Weet je eigenlijk wel wat een Helmholtz resonator is? De tekst die hier staat, gaat nergens over.

Groeten Daniël.

----------


## beyma

> De tekst die hier staat, gaat nergens over



 
hmmm, maar eigenlijk van jou ook wel een beperkte reactie  :Roll Eyes (Sarcastic):  
Ik ben wel benieuwd naar wat die resonator dan wel doet/is!! 

Dus brand los!  :Smile:

----------


## Leinad

Simpel gezegd is een Helmholtz resonator niets anders dan een massa-veer systeem.
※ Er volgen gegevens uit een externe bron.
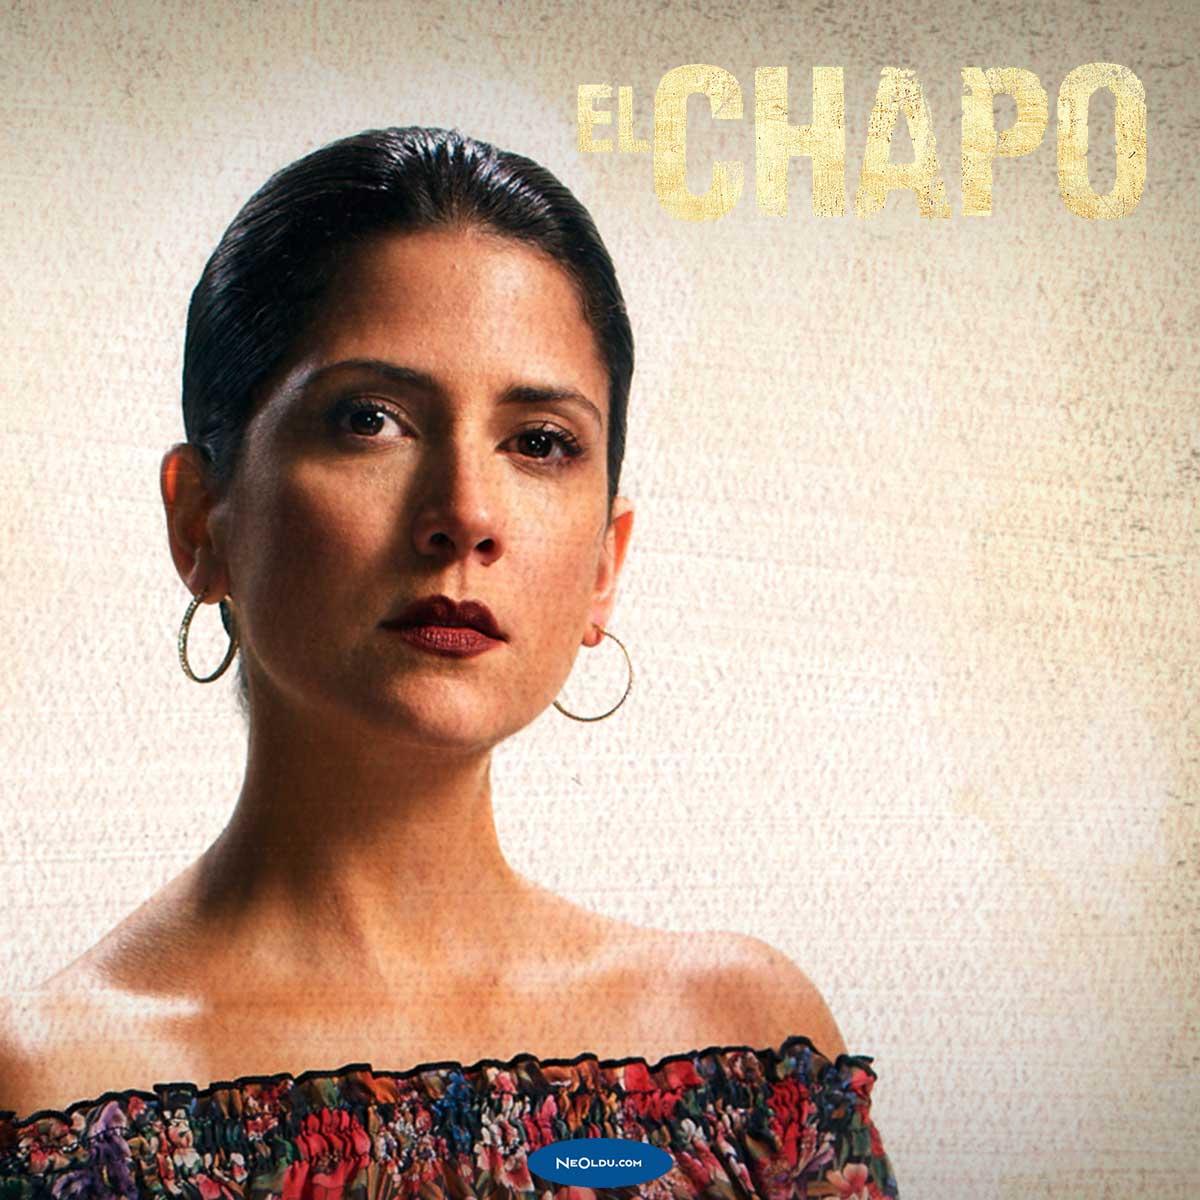 El Chapo Dizi İncelemesi

De massa hierbij is de massa van de ingesloten lucht in de _poort_ en de veer is de stijfheid van de lucht in de _kast_. De eigentrilling van dit systeem kan worden benaderd met f = c/2pi*wortel(A/(l*V)).

Hierin is:
c = geluidssnelheid (=344 m/s)
A = oppervlakte poort
l = lengte poort
V = volume kast

Dit systeem onttrekt energie aan de luidspreker. Bij een goede afstemming wordt dit punt zo gekozen dat de luidspreker rond zijn resonantiefrequentie wordt gedempt. Hierdoor is het mogelijk om lager te komen, zonder dat de luidspreker over zijn nek gaat.

Back on topic?

----------


## beyma

> Back on topic?



Ja is goed, bedankt voor dit "leer moment" !   :Wink:

----------


## All-round Sound

Hallo Leinad ,

er staat heel duidelijk KAN ALS werken

een helmholts gebruik je eigenlijk met een compound kast /  bandpas
en je uitleg klopt zo als ik hem lees 

ik had er misschien zelf gelijk de uitleg bij moeten doen

bedankt voor de uitleg Leinad 

GAAN WE WEER TERUG NAAR ROND OF 3 HOEK BASPIJP ?

m.v.g.
Luke
===================================
sub moet je voelen

----------